Anyone who has been to Syria, whether before the war, during its darkest years or as the country struggles to recover from one of the most devastating conflicts of our time, knows that it possesses extraordinary human capital. It has resilient communities, skilled labor, deep commercial instincts and a cultural memory of coexistence and statehood. From my perspective, Syria’s tragedy was never a lack of potential. It was the systematic destruction of the institutions capable of channeling that potential into a shared future.
Today, the question of how to rebuild state capacity stands at the center of Syria’s recovery. Over the past year, Damascus has accomplished something that seemed improbable not long ago. The Syrian leadership has reasserted itself as a legitimate interlocutor regionally and internationally, as President Ahmed al-Shaara distinguished himself from other post-conflict leaders through consolidation rather than rhetoric. His government rapidly restored diplomatic channels, re-engaged neighbors and projected a sense of institutional continuity instead of revolutionary uncertainty. Without this growing credibility, no reconstruction on the economic, political or social level would have been possible.
Normalization, however, has a hard ceiling. And that ceiling is the unresolved status of armed non-state actors. At this point, since the Dec. 31 deadline under the March 2025 agreement to integrate the SDF, the so-called armed branch of the PKK's Syrian wing YPG, into the national armed forces has already expired, the issue has ceased to be technical and has become the single most consequential obstacle to Syria’s stabilization. That a deadline agreed upon months ago was allowed to lapse reflects a continued attempt by the YPG leadership to delay or reinterpret its commitments out of unwillingness, not caution.
Recent events in Aleppo illustrate why this moment matters. Syrian security forces carried out a limited and targeted operation in the Sheikh Maqsoud and Ashrafiyeh neighborhoods – areas long treated as exceptional zones under de facto parallel authority. The operation was neither indiscriminate nor symbolic. It was precise, enforcing previously negotiated arrangements regarding heavy weapons and internal security. The message was unmistakable: Syria will no longer tolerate armed enclaves operating as states within the state.
To be clear, this is textbook state-building. Max Weber famously defined the modern state as the entity that successfully claims the monopoly of the legitimate use of force within a given territory. Without this monopoly, sovereignty becomes performative and governance fragmentary. Syria’s experience since 2011 is a textbook case of what happens when that monopoly collapses: militias replace institutions, loyalty displaces law and violence becomes a political currency.
Rebuilding Syria, therefore, requires more than reconstruction funds or humanitarian corridors. It requires, as a precondition, the restoration of a single, accountable security architecture. Pluralistic or otherwise, no country can function while armed groups retain veto power over state authority.

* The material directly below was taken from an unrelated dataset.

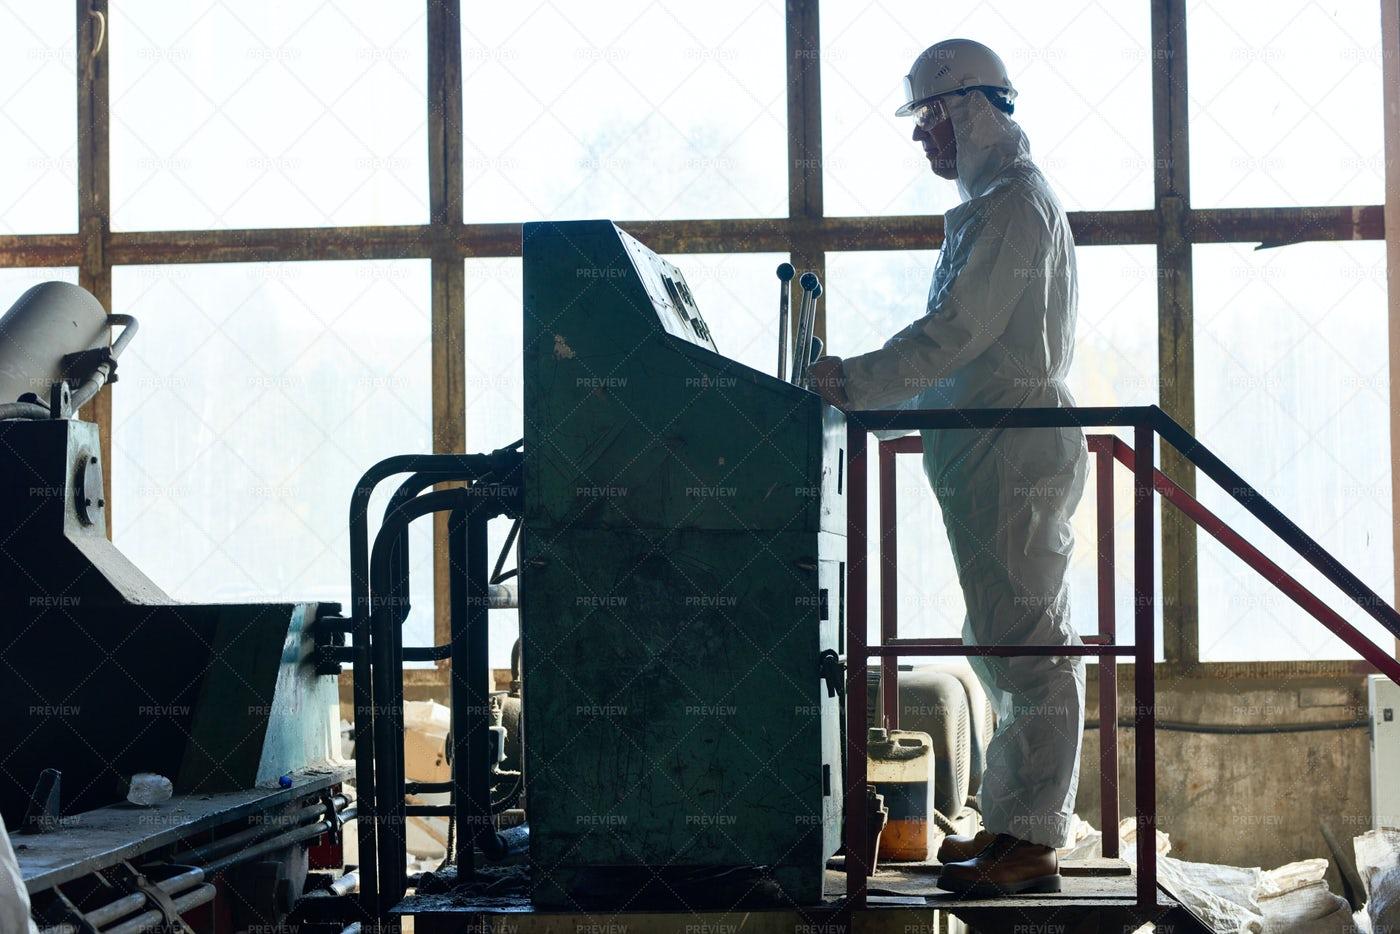 Biohazard Work At Factory: Stock Photos

Some frame this reality as hostility toward Kurds. This is both false and intellectually dishonest. Kurds are an integral part of Syria’s social fabric, and their rights are not advanced by militarized separatism or foreign dependency. In fact, no community has suffered more from prolonged militarization than the Kurds themselves, displaced, instrumentalized and isolated by organizations whose survival depends on perpetual conflict. It should also be recalled that the YPG targeted several groups, including Kurdish groups, during the Syrian civil war, at times in collaboration with or in parallel to the Assad regime.

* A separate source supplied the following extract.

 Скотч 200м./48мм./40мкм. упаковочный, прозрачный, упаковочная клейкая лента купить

The window that once empowered armed non-state actors opened during the chaos following Daesh’s advance on Mosul has closed. Foreign fighters, once treated as strategic assets, are now liabilities. The Syrian state has both the capacity and the will to manage this challenge. Going forward, any meaningful political process requires actors with organic ties to Syria, not transnational militancy.
This is where Türkiye’s role becomes central. The recent visit to Damascus by Türkiye’s foreign minister, defense minister and intelligence chief just ahead of the SDF integration deadline was not routine diplomacy. It was a coordinated signal that fragmentation is no longer an option. In other words, regional powers, possibly and notably with the exception of Israel, are aligning around stability, not managed disorder.
Just before the deadline expired, Damascus itself reflected this shift. The Hamidiye Bazaar was alive again. Families shopped, children roamed, and churches displayed Christmas decorations alongside the centuries-old Umayyad Mosque, a masterpiece of Islamic culture and civilization. Across the old center of the Islamic world, there was a palpable sense of resilience. Yet resilience alone will not rebuild Syria.
A strong and stable Syria is indispensable to the emerging Middle East. If the U.S. truly wishes to reduce its regional footprint and focus elsewhere, empowering sovereign states, rather than perpetuating armed ambiguity, is the only viable strategy. Syria’s future depends on a simple but difficult truth: human capital flourishes only where authority is clear, institutions function, and violence is monopolized by the state. Without this foundation, coexistence becomes fragile and recovery illusory.
Syria does not need another experiment in fragmentation. It needs a functioning state that is capable of signaling to millions of Syrian refugees abroad that it is time to come home and build a brighter future together.